One of the python examples required reading data from a text file that uses double colons (::
) as a separator. For illustrating purposes I will use the made-up toy dataset already shown above:
1::Leia::female::princess
2::Luke::male::jedi
3::R2D2::unknown::robot
4::Anakin::male::jedi
5::Amidala::female::queen
In Python we can use the pandas library to import that kind of data without any problems. We just need to use the function read_table()
and specify the separator sep='::'
. But what about R?
Heartbroken by read.table()
If we try reading the data using one of the standard ways (e.g. read.table()

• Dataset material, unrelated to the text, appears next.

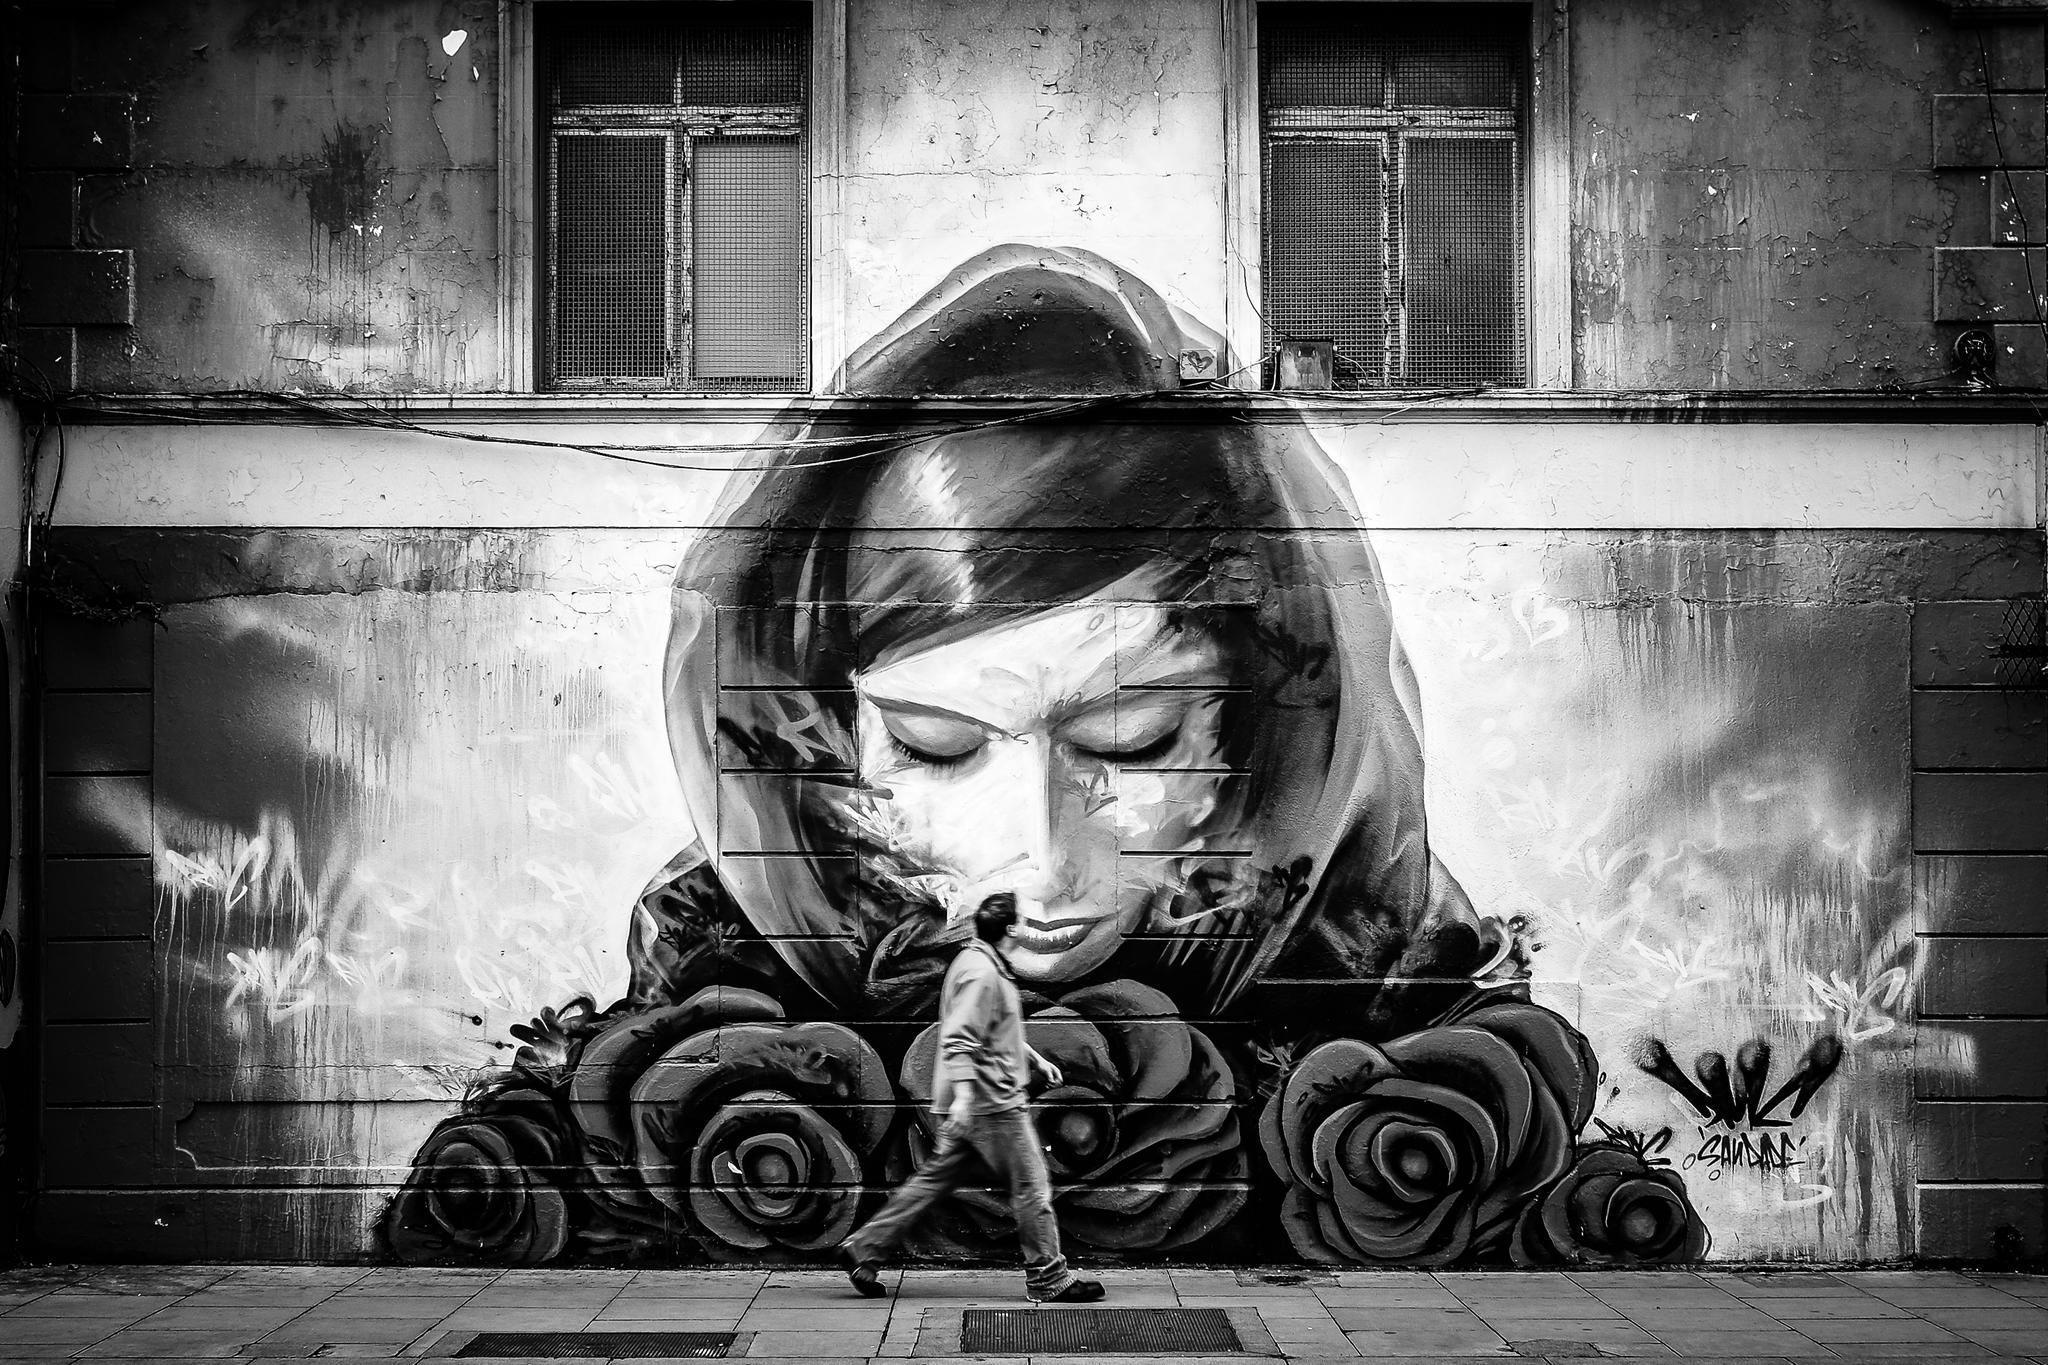 Woman on the wall by gabor nagy on px street art pinterest

) I’m afraid we will be terribly dissapointed:
# R doesn't like the separator '::'
bad_separator = read.table(
header = FALSE,
text = "
1::Leia::female::princess
2::Luke::male::jedi
3::R2D2::unknown::robot
4::Anakin::male::jedi
5::Amidala::female::queen
",
col.names = c("num", "name", "gender", "class"),
sep = "::")
If you prefer, you can try reading the file fakedata.dat
, which has exactly the same content as the previous example, like so:
read.table(file = "http://gastonsanchez.com/data/fakedata.dat",
header = FALSE,
col.names = c("num", "name", "gender", "class"),
sep = "::")
In both cases, you should get a heartbreaking error like this one:
"Error in scan(file, what = "", sep = sep, quote = quote, nlines = 1:
invalid 'sep' value: must be one byte"
One byte separtors
If we had just one colon :
as a separator, then R would not complain whatsoever:
# R is ok with the separator ":"
good_separator = read.table(
header = FALSE,
text = "
1:John:26:male
2:Dan:30:male
3:Rori:31:female
4:Tracy:40:female
5:Luke:30:male
",
col.names = c("num", "name", "age", "gender"),
sep = ":")
# look at the data
good_separator
## num name age gender
## 1 1 John 26 male
## 2 2 Dan 30 male
## 3 3 Rori 31 female
## 4 4 Tracy 40 female
## 5 5 Luke 30 male
But the problem is that we do have two colons ::
, and R accepts only one byte separators. Of course, we could use readLines()
to read the data as a character vector, do some transformations to get rid of the colons, and then shape the data into a data frame. In some cases this option could be acceptable. But with the type of data like the one described in Wes’s book, using readLines()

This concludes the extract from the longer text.